De la taille d'un ballon de basket, elle était en effet remplie de CFC (ou chlorofluorocarbures), un puissant gaz à effet de serre qu'il est légal de posséder, mais dont la production a été interdite mondialement depuis des années. En l'absence de mesures gouvernementales pour forcer la destruction des importants stocks existants, une poignée d'entreprises a pris les choses en main, en se mettant en chasse de ces produits, disséminés jusque dans les garages de particuliers, afin de les détruire puis de revendre les crédits carbone ainsi acquis.
Rick Karas s'est mis en lien avec la société nommée Tradewater. L'un des employés est venu chercher la bonbonne chez lui à Peotone, village de l'Illinois à environ une heure de route de Chicago. Quelques minutes plus tard, il avait gagné 100 dollars, et le gaz était en route pour l'incinérateur.
À une époque, les CFC étaient très utilisés dans les climatiseurs ou les réfrigérateurs, et le gaz était conditionné dans des bouteilles qui, avec le temps, se mettent à fuir. "Je suis content. J'ai un peu d'argent dans la poche, et c'est bon pour l'environnement", a dit à l'AFP Rick Karas, un apiculteur, soufflant qu'il n'avait aucune idée du caractère nocif de cette bouteille de gaz. C'est le genre d'opération que l'entreprise, basée à Chicago, préfère.
Sur internet, il n'est pas fait mention de leur but environnemental, et l'entreprise opère même sous un autre nom, "Refrigerant Finders", afin de contourner ce sujet qui reste controversé et très marqué politiquement aux États-Unis. Selon Chad Dorger, qui s'est rendu chez Rick Karas pour récupérer la bouteille de gaz, 80% des clients se fichent de ce qu'il advient de leur produit par la suite. Restent les autres. Ils peuvent "purement et simplement refuser (de vendre), et dire : non, je veux que ce soit utilisé, ou je ne crois pas au canular du changement climatique", raconte-t-il.
Couche d'ozone
Malgré tout, la récupération des CFC est l'un des rares succès dans la quête de l'humanité pour réduire les émissions de gaz à effet de serre, responsables du réchauffement climatique, causant lui-même des tempêtes plus puissantes, des sécheresses plus prononcées et des incendies plus intenses.
Les Nations unies clament que le protocole de Montréal de 1987, qui a interdit les CFC, est "le seul traité de l'ONU a avoir jamais été ratifié par tous les pays de la planète". Car en plus de détruire la couche d'ozone, les CFC retiennent également 10 000 fois plus la chaleur dans l'atmosphère que le CO2.
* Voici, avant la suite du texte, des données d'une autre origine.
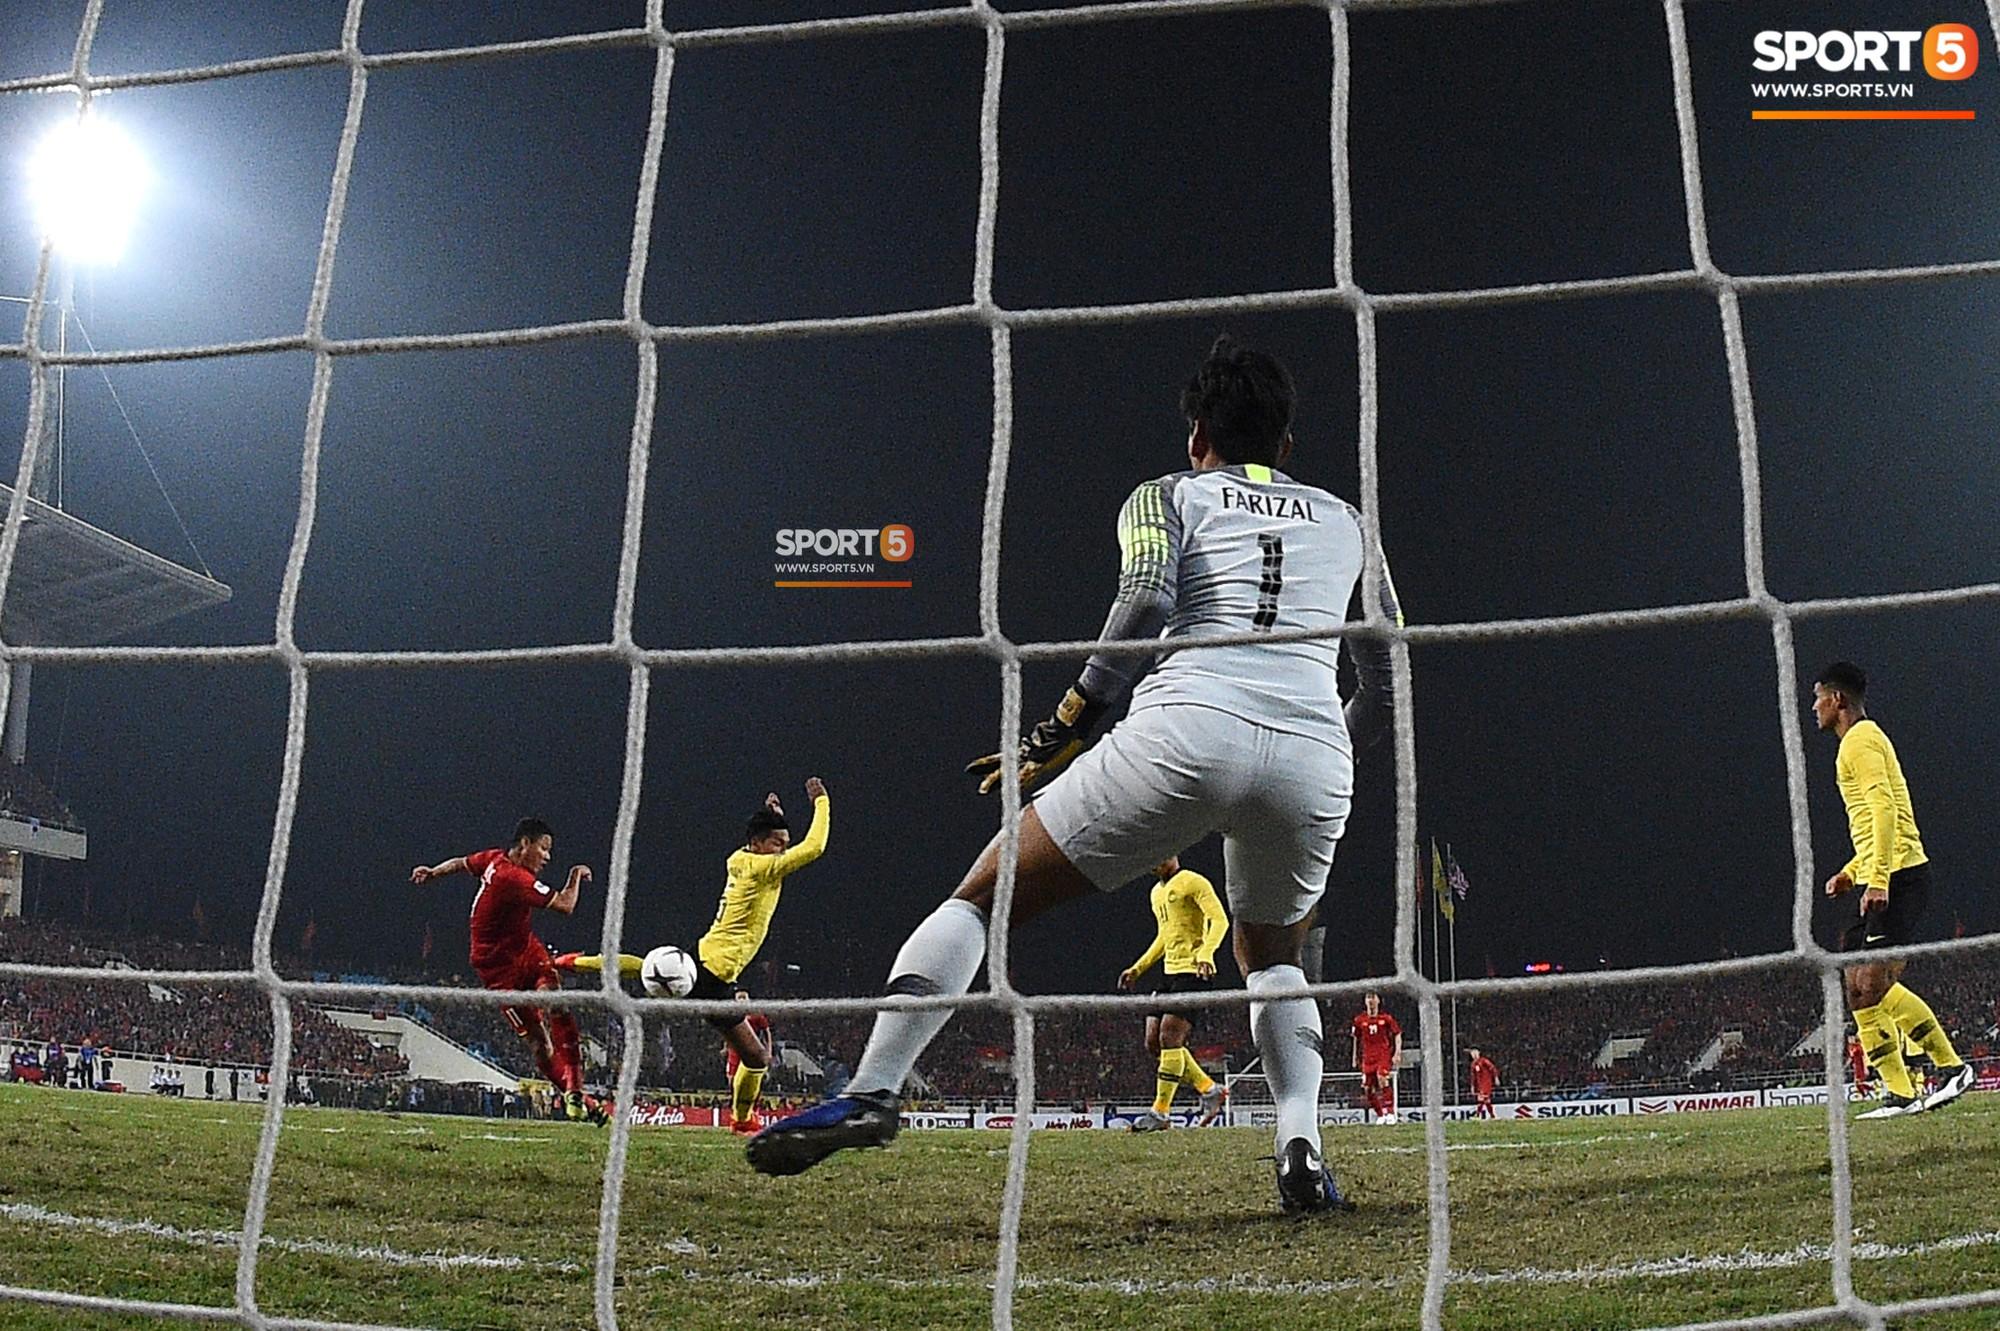 Góc ảnh độc đáo: Khoảnh khắc Anh Đức vô-lê tung lưới Malaysia nhìn từ phía sau cầu môn - Ảnh 2.

Les concentrations de CFC ont diminué de façon constante depuis 2012, après la prise d'effet du protocole, mais des scientifiques ont été surpris de constater en 2018 que le rythme de cette baisse avait réduit de moitié dans les cinq années précédentes. Des usines dans l'est de la Chine ont été pointées du doigt. Une fois que la production de CFC s'est arrêtée dans cette région, le processus de résorption du trou dans la couche d'ozone a repris.
Le droit de polluer ?
Peu de voix s'élèvent contre la destruction des CFC. Mais en ce qui concerne la mise en place d'un marché du carbone, les choses sont plus compliquées. Selon ce mécanisme, une entreprise polluante ou un individu peut acheter un crédit, équivalent à une tonne de CO2, l'argent allant directement ou indirectement dans un plan de réduction des émissions, par exemple en plantant des arbres ou via des investissements dans les énergies renouvelables.
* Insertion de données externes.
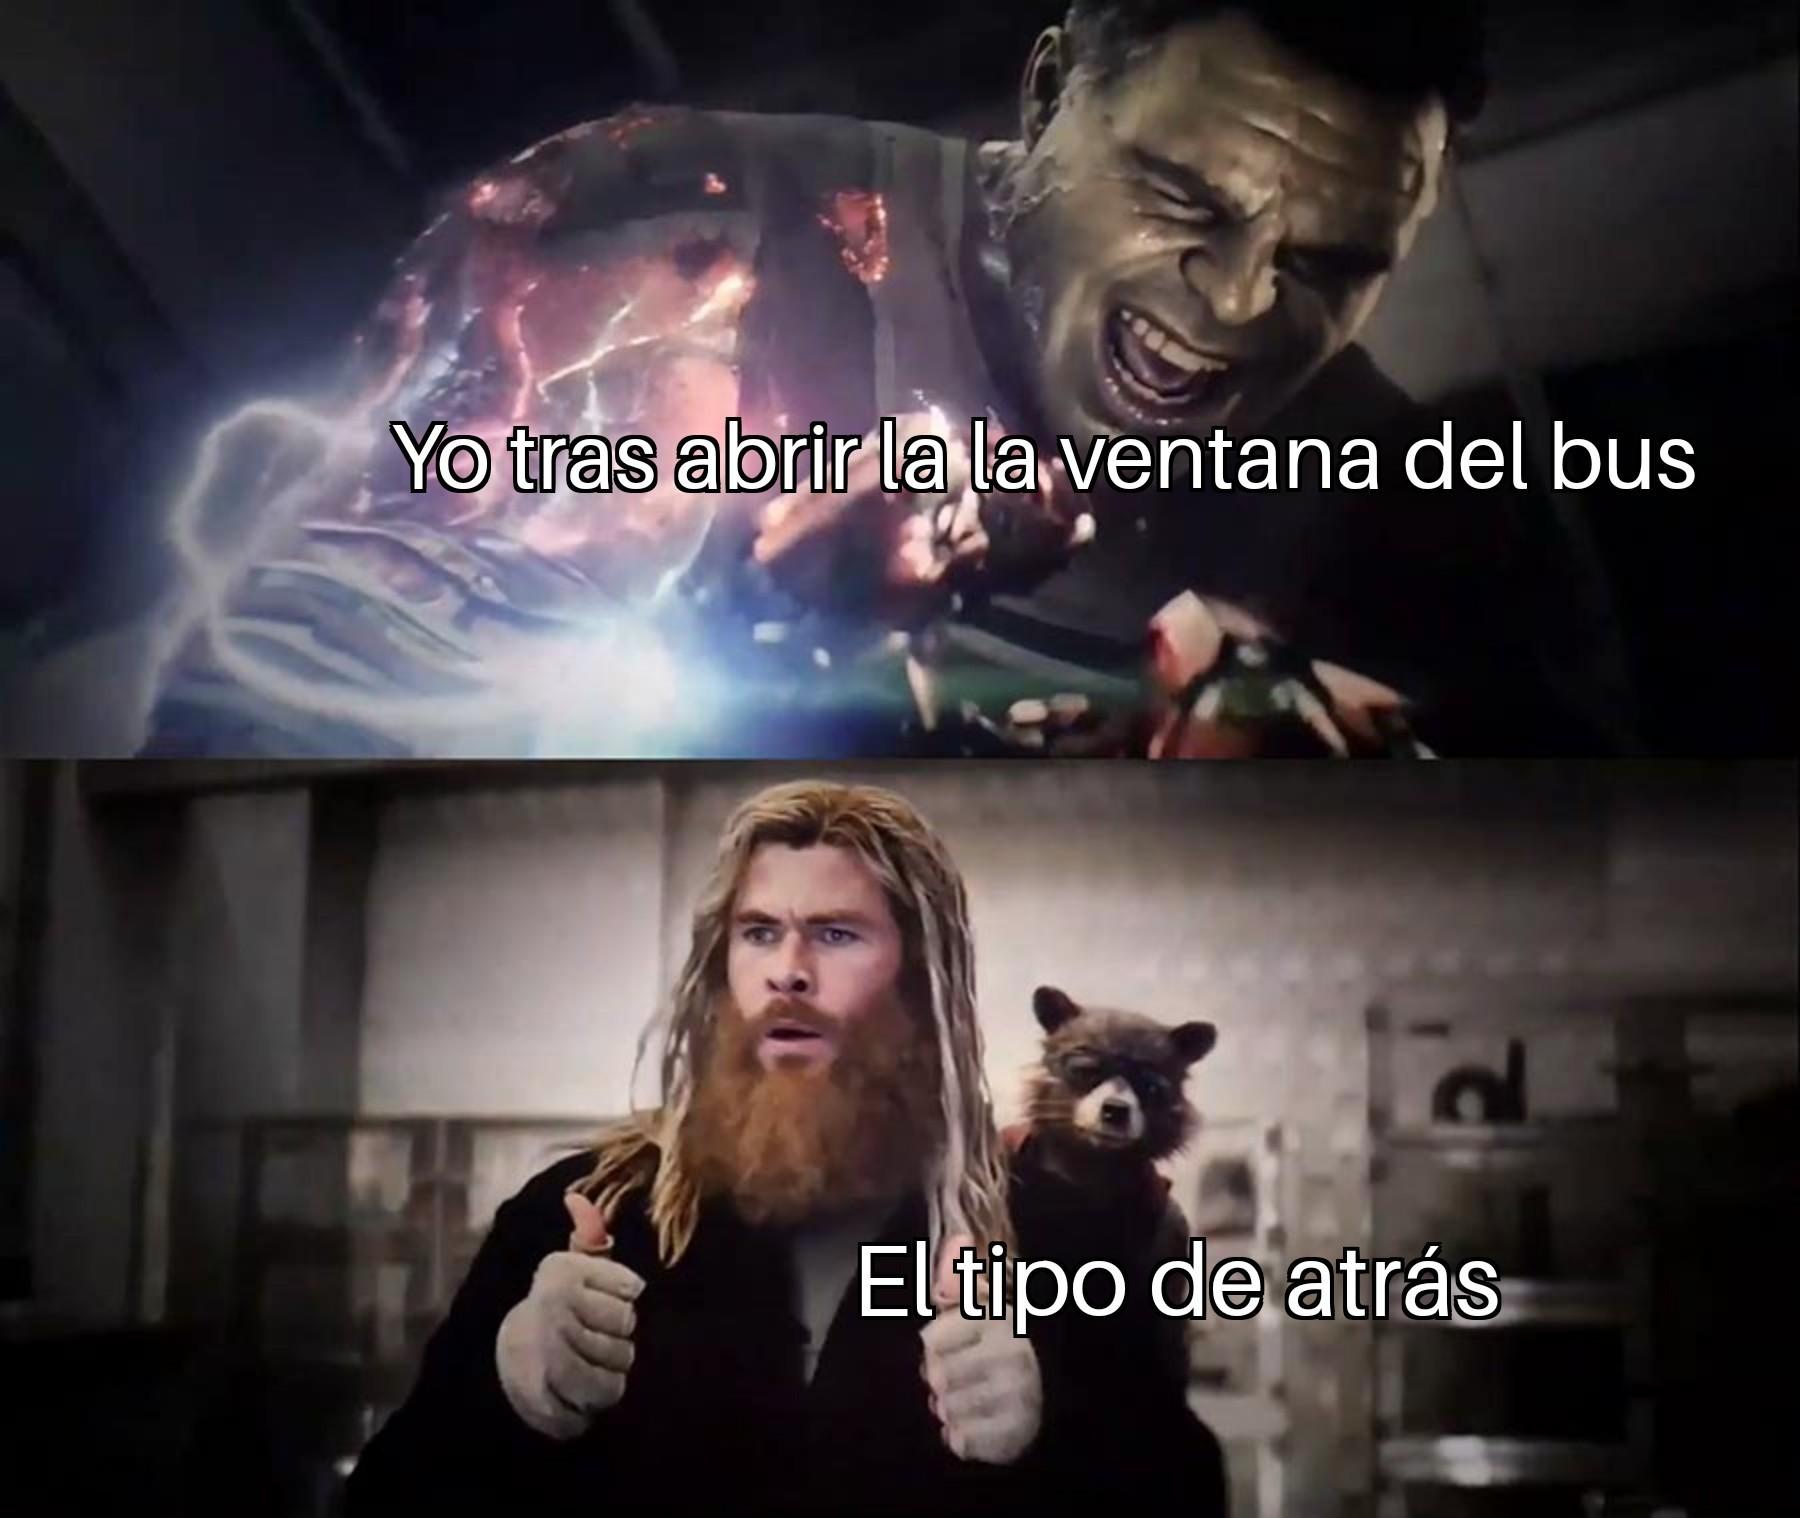 Holax2 - meme

Mais certains activistes accusent les grandes entreprises de se contenter de cette solution faisant office de pansement, plutôt que de chercher à réellement réviser l'impact environnemental de leurs activités. "Pour certains écologistes radicaux, c'est donner le droit à quelqu'un de polluer, or nous ne devrions pas polluer" du tout, explique le professeur d'économie Michael Moore, de l'université George Washington.
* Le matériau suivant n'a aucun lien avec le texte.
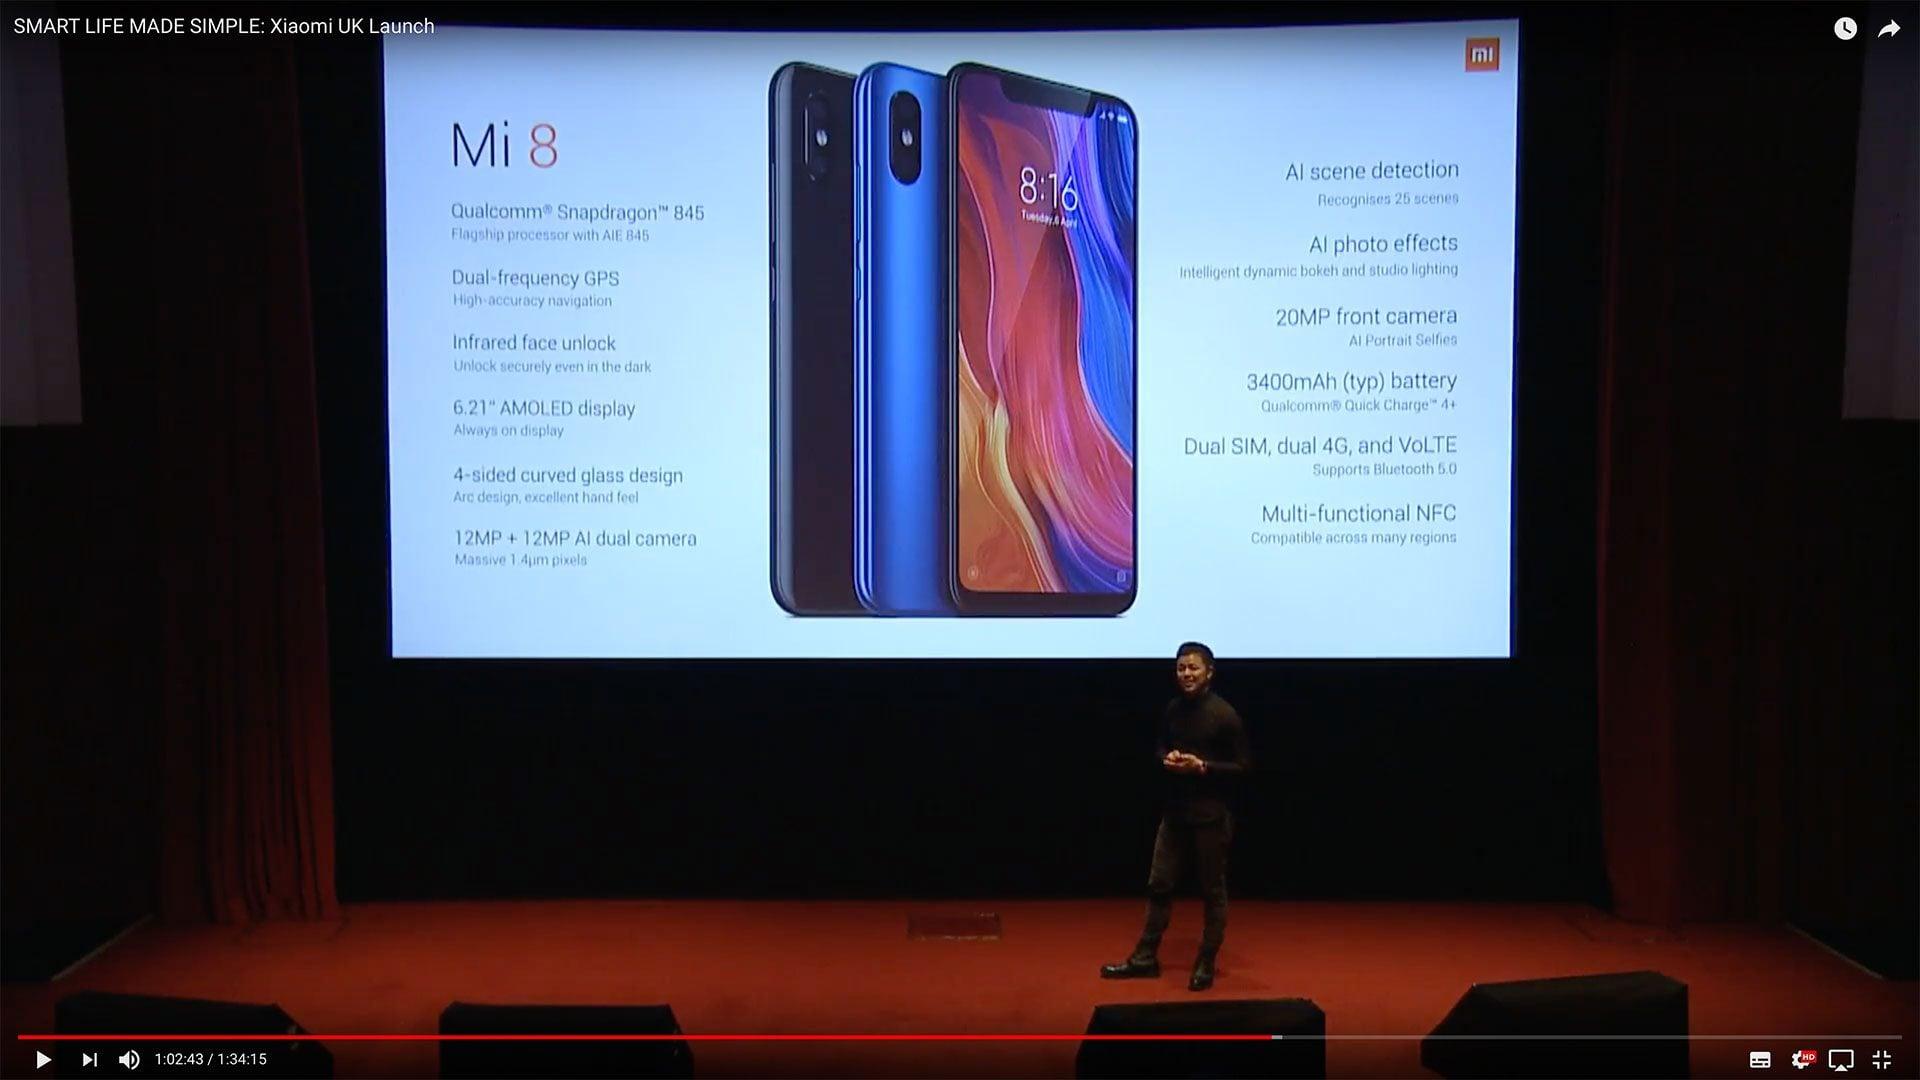 Xiaomi Launch Event UK –  Xiaomi nun offiziell im Vereinigten Königreich erhältlich 14 techboys.de • smarte News, auf den Punkt! Xiaomi Launch Event UK –  Xiaomi nun offiziell im Vereinigten Königreich erhältlich

Mais pour les responsables de Tradewater, le sens de leur mission est clair. "Si des entreprises comme la notre ne détruisent pas ces réfrigérants, ils vont fuir et s'échapper dans l'atmosphère", dit à l'AFP le directeur d'exploitation, Gabe Plotkin. "Il n'y a pas d'obligation de le faire émanant du gouvernement. Il n'y a pas d'incitation financière pour le faire. Et parfois, il n'y a pas de volonté pour le faire", ajoute-t-il.